Earlier this year, I built myfitnesspal wrapped: inspired by Spotify’s famous wrapped campaign, this web app scrapes all your data from myfitnesspal (a food tracking app), processes and analyses the data, and finally gives some cool (in my opinion) statistics and charts about your dietary habits in a Streamlit app.
While I was fairly happy about how it turned out, it annoyed me how slow it got with larger date ranges, so this article will explore how I improved this by learning about and using python’s asyncio package.
1 Scraping the data
While myfitnesspal does have an API - it requires you to fill out and application form and unfortunately I was unsuccessful in my application. Luckily they do not rate limit requests to the website, so although it wouldn’t be as friendly as a well-formatted JSON response, there was still a way to get all the data.
On observation of the network requests in the browser, the food diary page is rendered server side, so my last hope of mimicking any API calls was dead - but atleast the url was easy to reason about: just a request to the diary/{user}
endpoint with a query param of the date of the food diary.
2 The simple solution
In the spirit of actually finishing projects I started with a simple (naive) approach of looping through all the dates within the date range and making a request for the corresponding date on each iteration.
For this demo, we’ll scrape a weeks worth of data between 2022-12-15 and 2022-12-22:
Let’s define a function that makes a request for a given user and date with a request client:
And then scrape the diaries by looping over each date:
start_time = time.perf_counter()
sesh = requests.Session()
diaries =[]
for date in dates:
diaries.append(scrape_diary("ismailmo", date, sesh))

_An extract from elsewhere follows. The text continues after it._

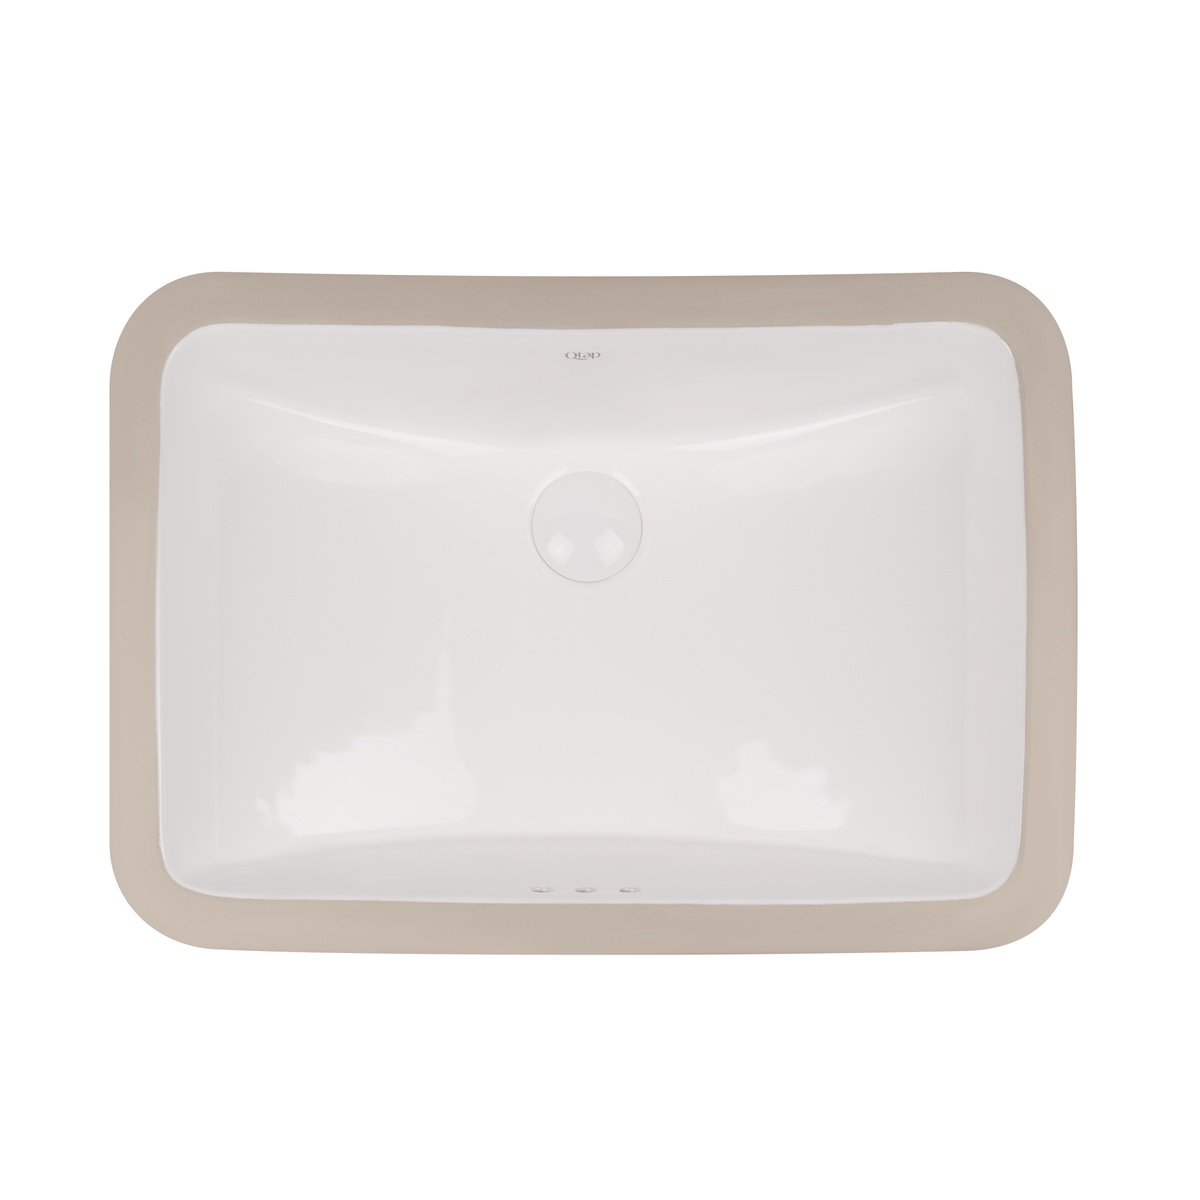 Умивальник врізний для ванної під стільницю 535мм x 370мм Q-TAP Stork білий прямокутна QT15116032W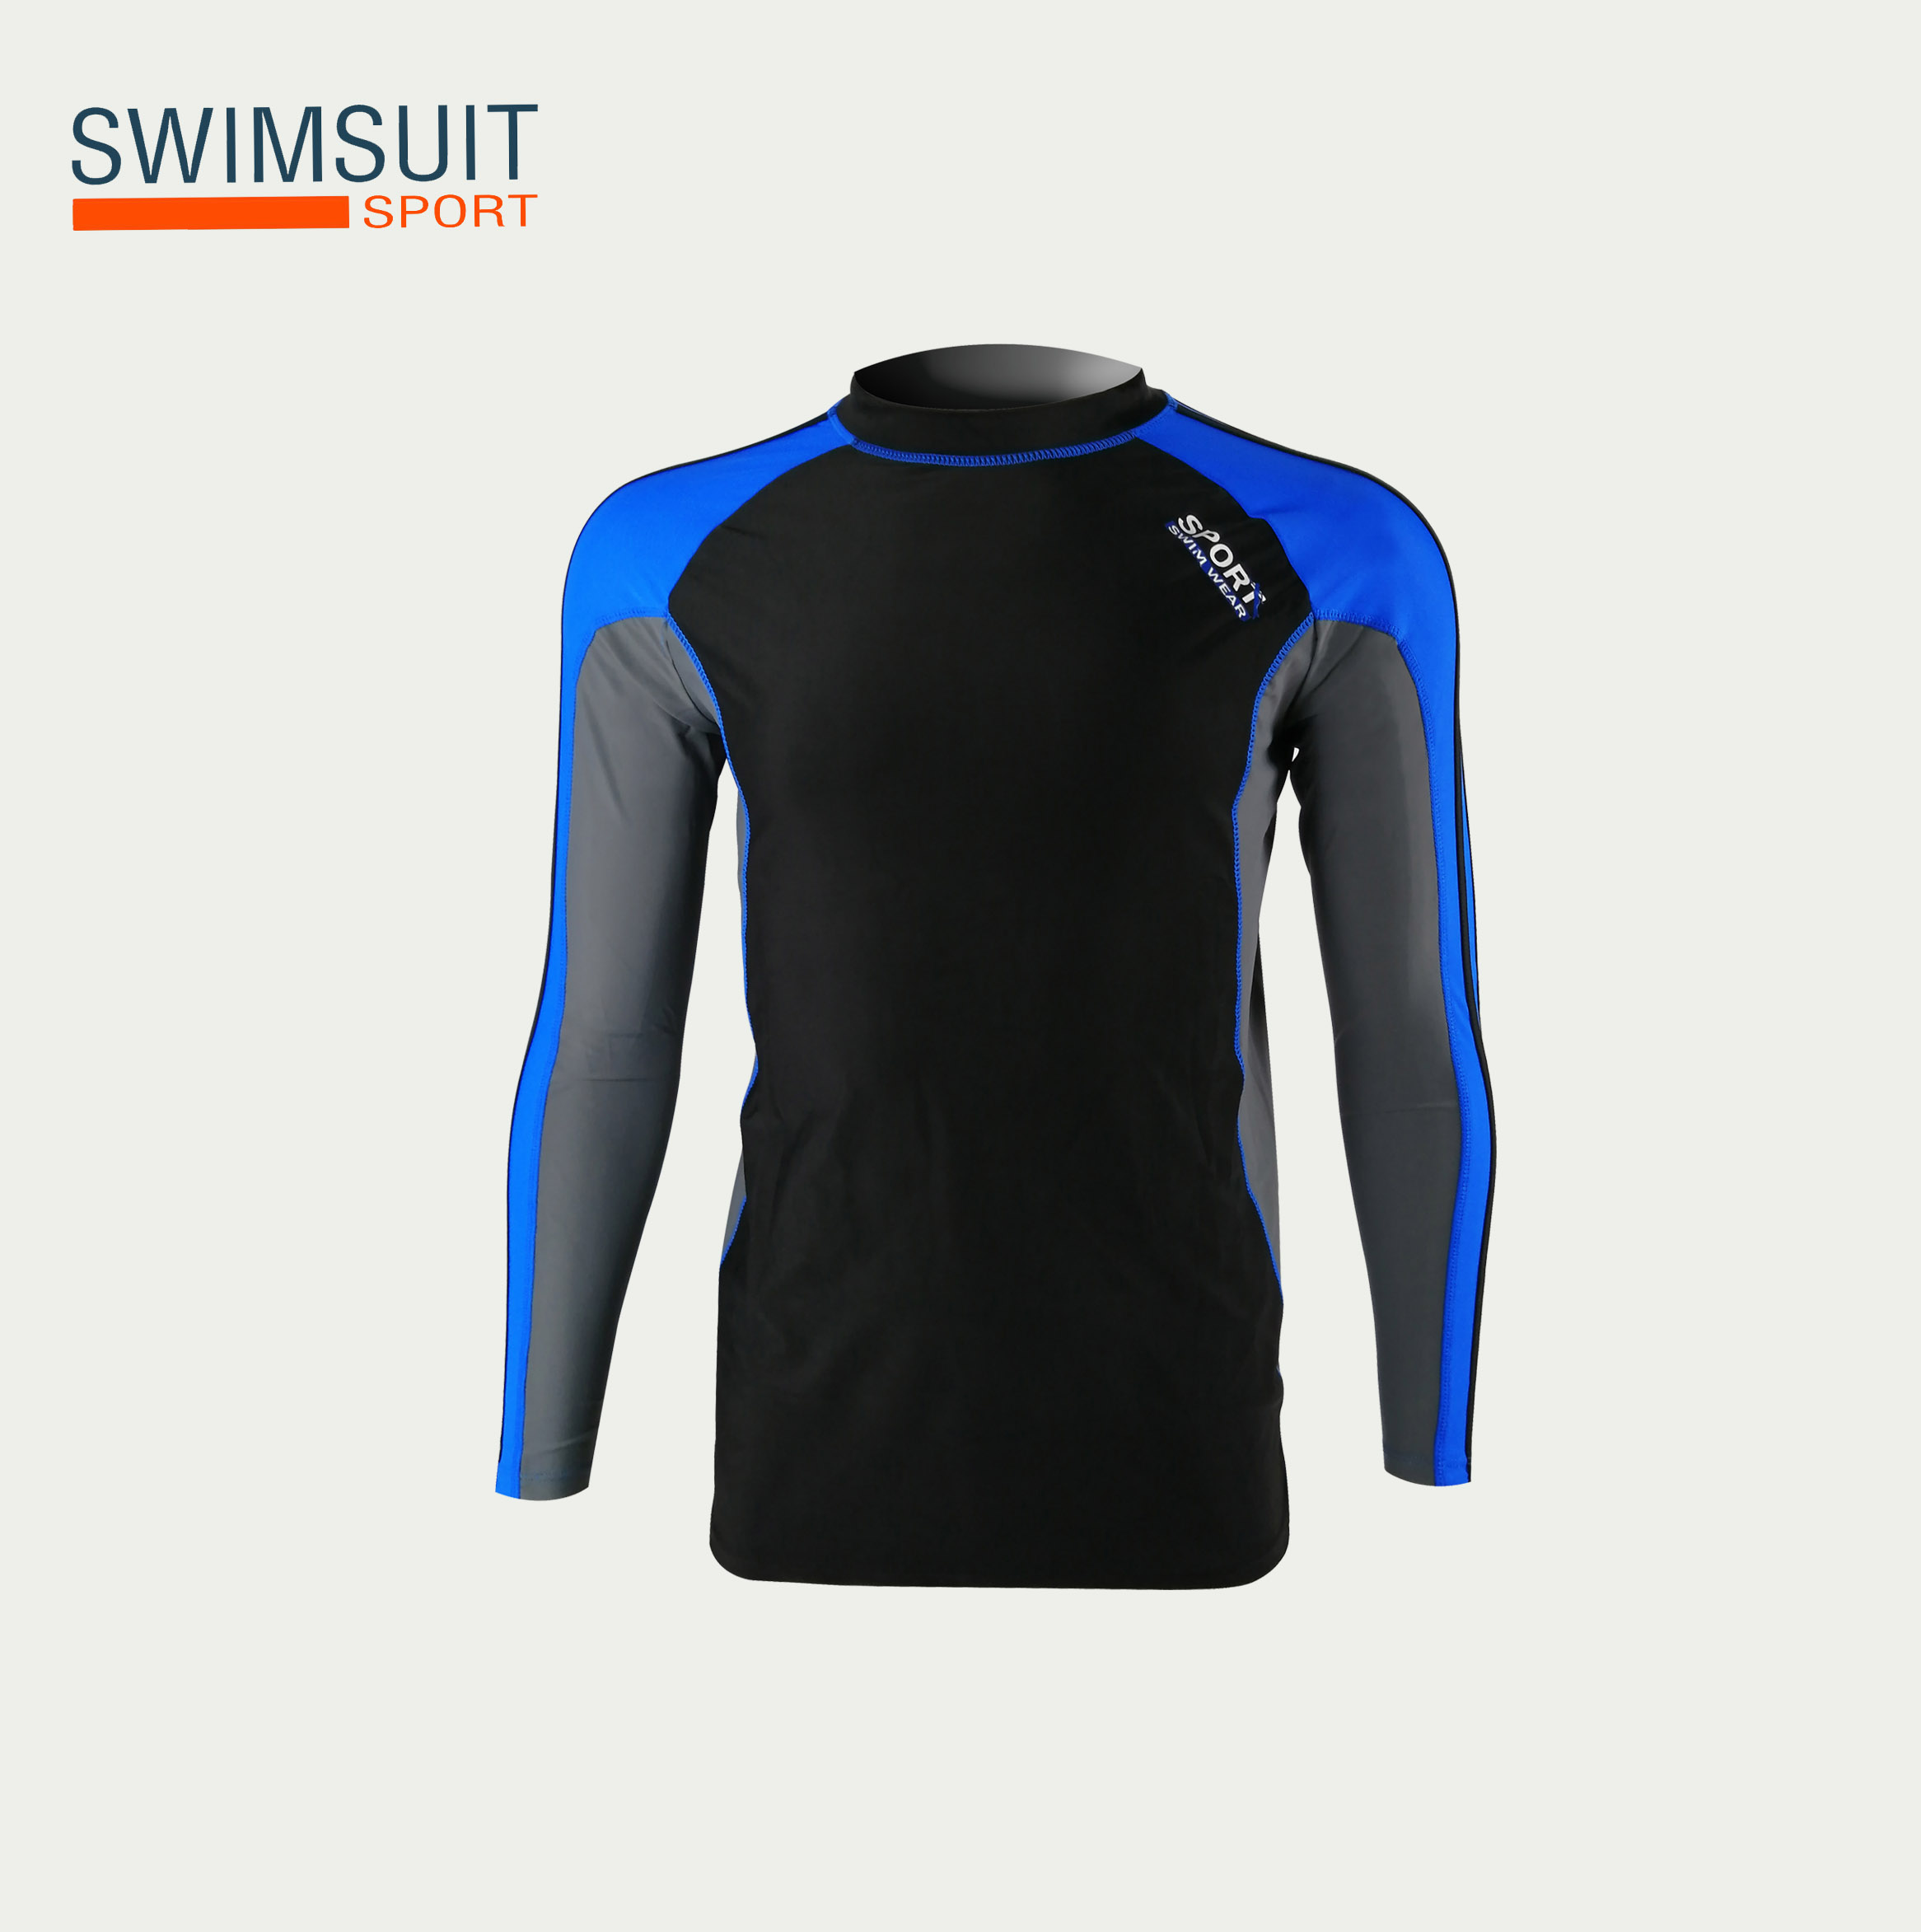 ชุดว่ายน้ำชาย ชุดว่ายน้ำชายแขนยาว สีดำ ผ้ากันยูวีอย่างดี เสื้อยืดกีฬา 91625

# grab total calories so we can compare with async example later
kcals = []
for diary in diaries:
kcals.append(pd.read_html(diary, flavor="lxml")[0].iloc[-4,1])
elapsed = time.perf_counter() - start_time
print(f"Time to scrape data: {elapsed:.2f} seconds")
Time to scrape data: 4.34 seconds
This is pretty slow with just a weeks worth of data! Given that this app is supposed to be inspired by Spotify Wrapped - we would expect users to scrape a whole years worth of food diaries. The time to scrape will scale linearly with the number of diaries, so the time to scrape a years worth of data will be ~52x longer than above! And that’s assuming our app doesn’t timeout on long request/response cycles. (spoiler alert - it does and it did)
3 Speeding up with httpx and async
It seems pretty inefficient to only send one request at a time and just wait around until we get a response before sending another request - and that’s where using async python shines. It doesn’t speed up your code magically, but in scenarios like this where we are I/O bound and waiting for a response it makes a dramatic difference to the performance.
We’ll need to use a http client that has an async API so we import an async client from httpx
to make our requests:
There are few changes we’ve made to the previous code. Firstly we need to define the function with async def
so we can use await
, this returns control back to the event loop so we can start making our other requests while we wait for the response.
start_time = time.perf_counter()
user = "ismailmo"
scraping_coroutines = []
for date in dates:
scraping_coroutines.append(async_scrape_diary("ismailmo", date, async_client))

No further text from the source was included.